Toilet paper? Get in the shower with a flannel you dirty beggars. No need to smear your faecal matter all over your 'arris with paper, it's a modern construct is that. Wash your ring and get it properly squeaky clean. 

As for the eggs problem, I'm unable to help. Thems is some really hard to replace items.


----------



## mudsticks (19 Mar 2020)

Andy_R said:


> As the thread title says, willing to swap toilet roll for eggs. Toilet roll is the proper stuff, none of that medicated tracing paper rubbish, and only one side has been used.









I never thought I would be considered a well endowed woman.

So this is what "having it all" feels like..


----------



## Ming the Merciless (19 Mar 2020)

Andy_R said:


> As the thread title says, willing to swap toilet roll for eggs. Toilet roll is the proper stuff, none of that medicated tracing paper rubbish, and only one side has been used.

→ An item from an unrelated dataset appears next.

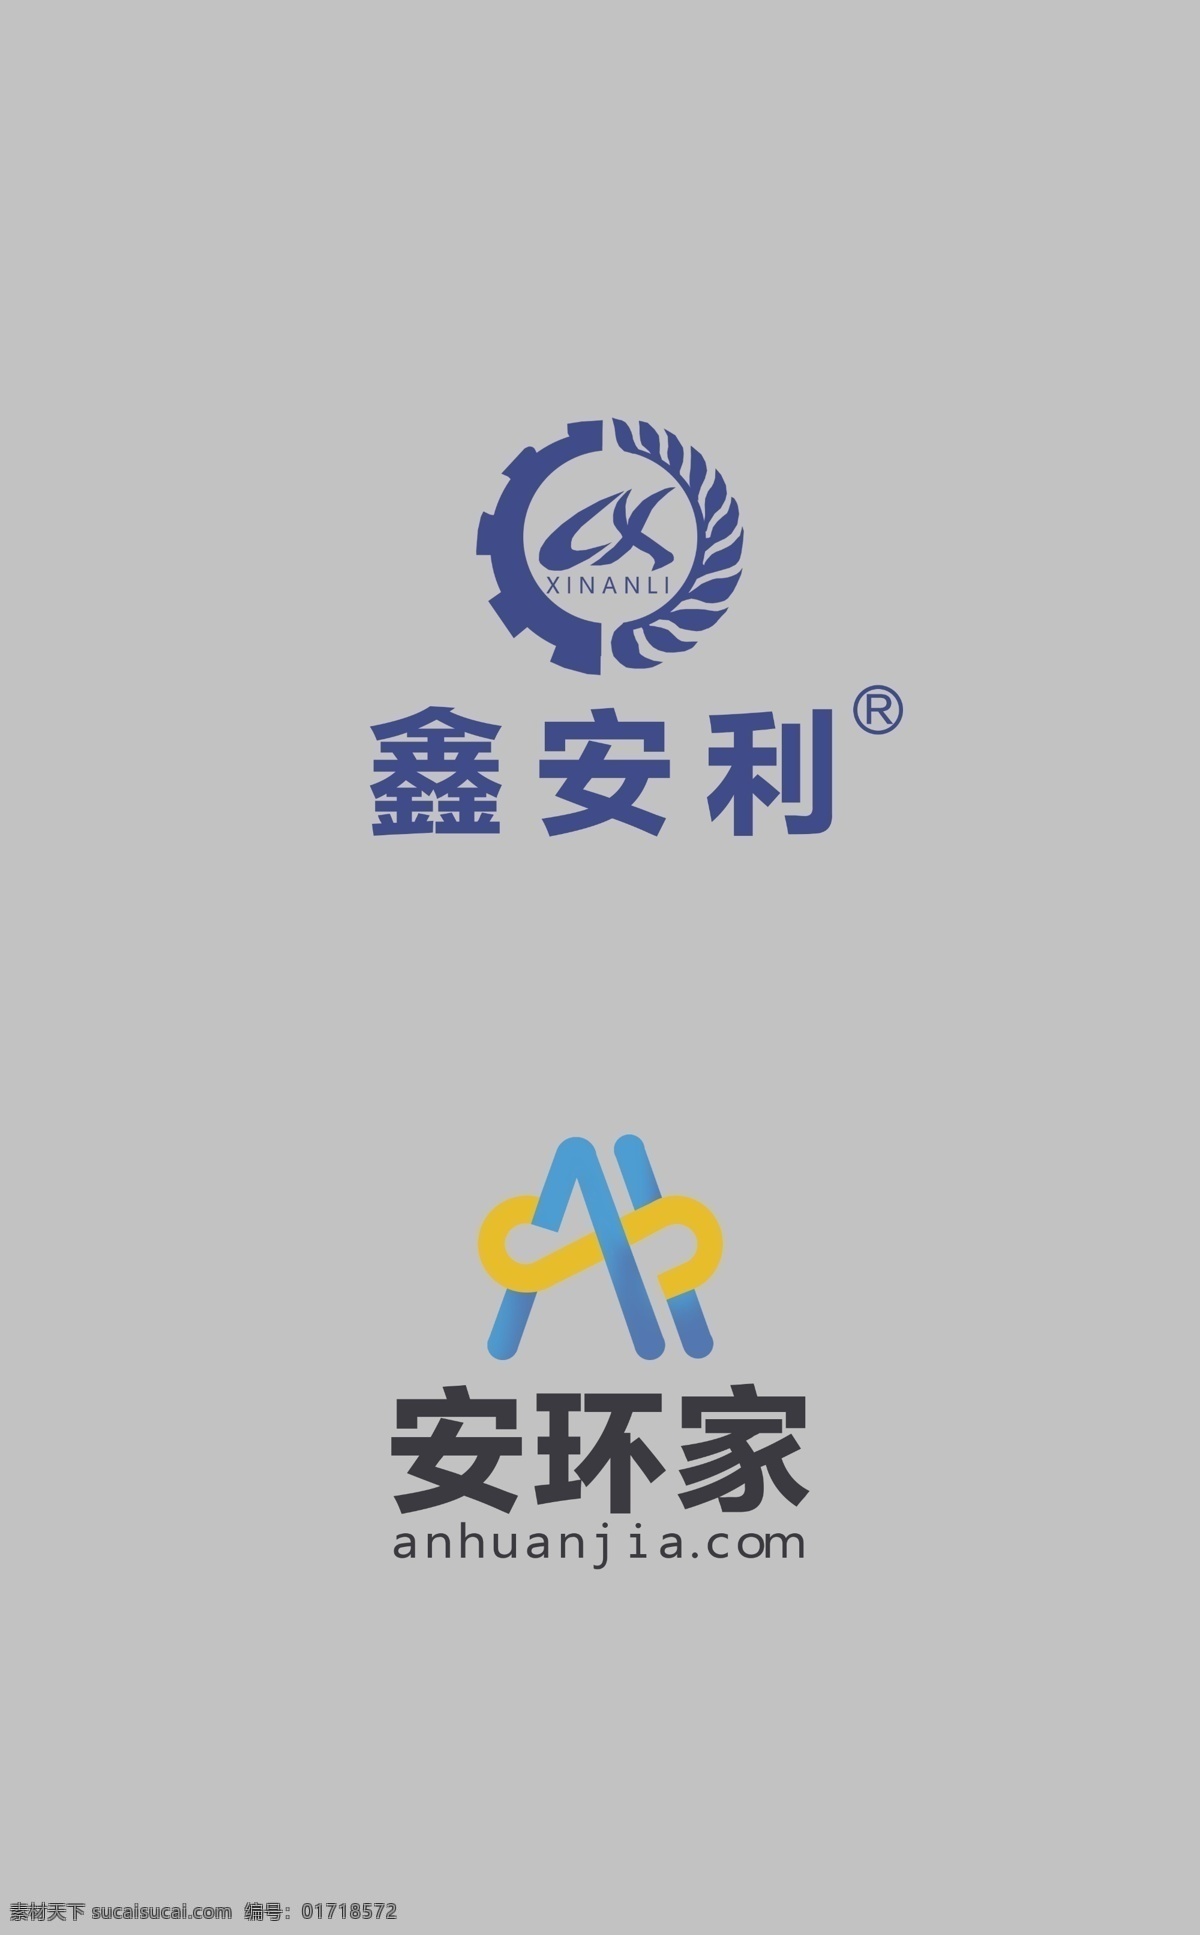 鑫安利 安环家 logo 背景
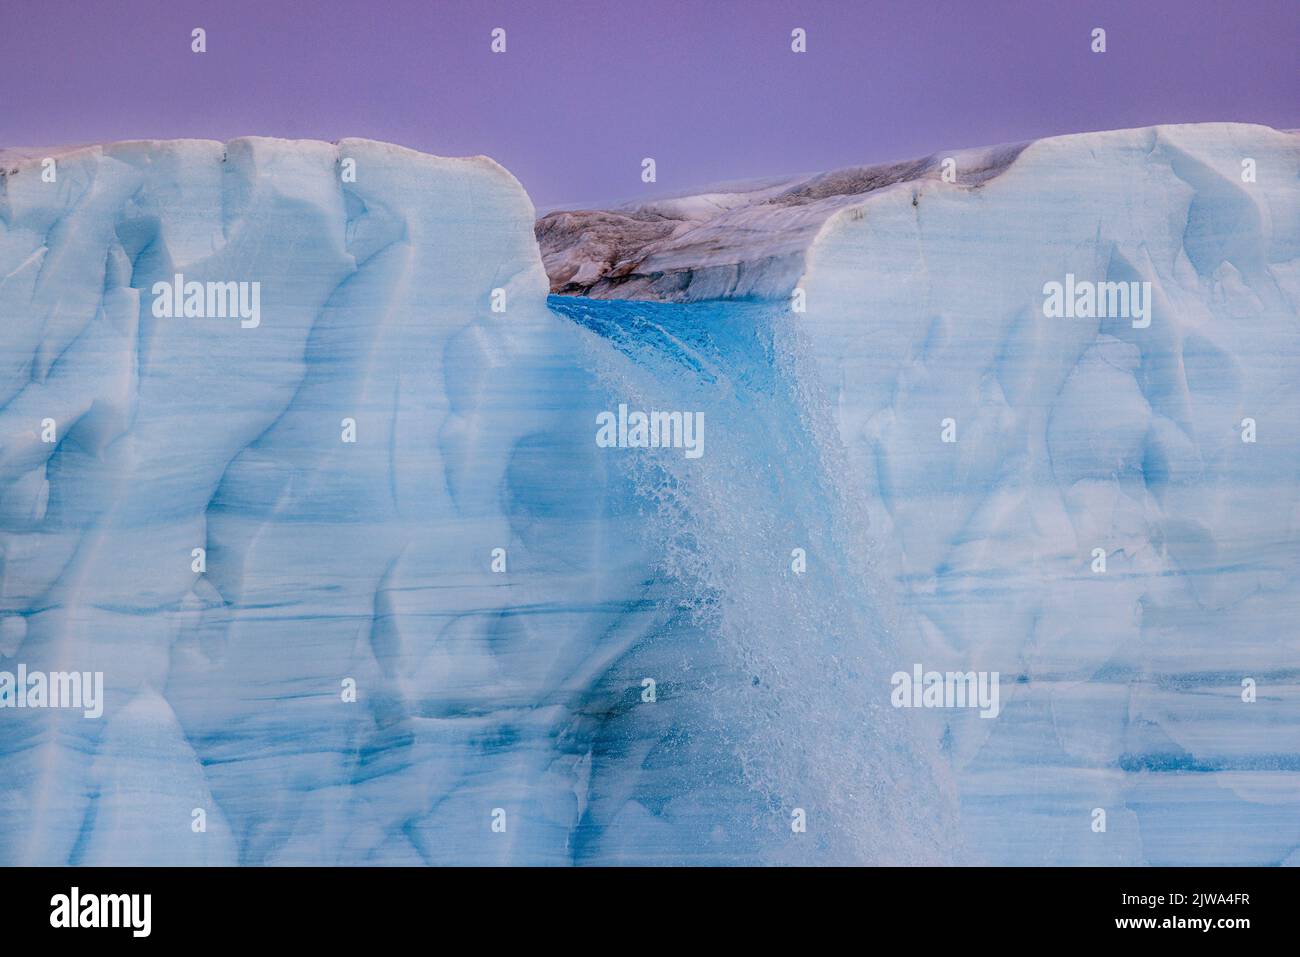 un fiume blu ghiacciato attraversa la calotta di ghiaccio austfonna sul nordaustlandet e si schianta verso il mare, sulla scogliera di ghiaccio a picco, come un'enorme cascata Foto Stock

Can swap for egg shells only the inside has been used.


----------



## Ming the Merciless (19 Mar 2020)

roley poley said:


> don't use eggs to wipe your bum mate trust me on this one



Indeed, it’s no yoke


----------



## tom73 (19 Mar 2020)

@mudsticks Rub it in why don't you


----------



## mudsticks (19 Mar 2020)

tom73 said:


> @mudsticks Rub it in why don't you



What do it myself  ?

Gosh no ; I have staff for that sort of thing..


----------



## itboffin (19 Mar 2020)

Finally that hot tub has a use


----------



## mudsticks (19 Mar 2020)

itboffin said:


> Finally that hot tub has a use



For boiling eggs ?? 

Or washing bottoms ?? 

Please don't say _"both" _


----------



## FrankCrank (20 Mar 2020)

Over this way toilet tissue shortage is a non event, we use the 'bum-gun' method, so much better than the alternative


----------



## itboffin (20 Mar 2020)

mudsticks said:


> For boiling eggs ??
> 
> Or washing bottoms ??
> 
> Please don't say _"both" _



I hadn't thought of both, love the time saving recommendation.


----------



## Sterlo (20 Mar 2020)

A quick blast with the pressure washer does for me


----------



## mudsticks (20 Mar 2020)

itboffin said:


> I hadn't thought of both, love the time saving recommendation.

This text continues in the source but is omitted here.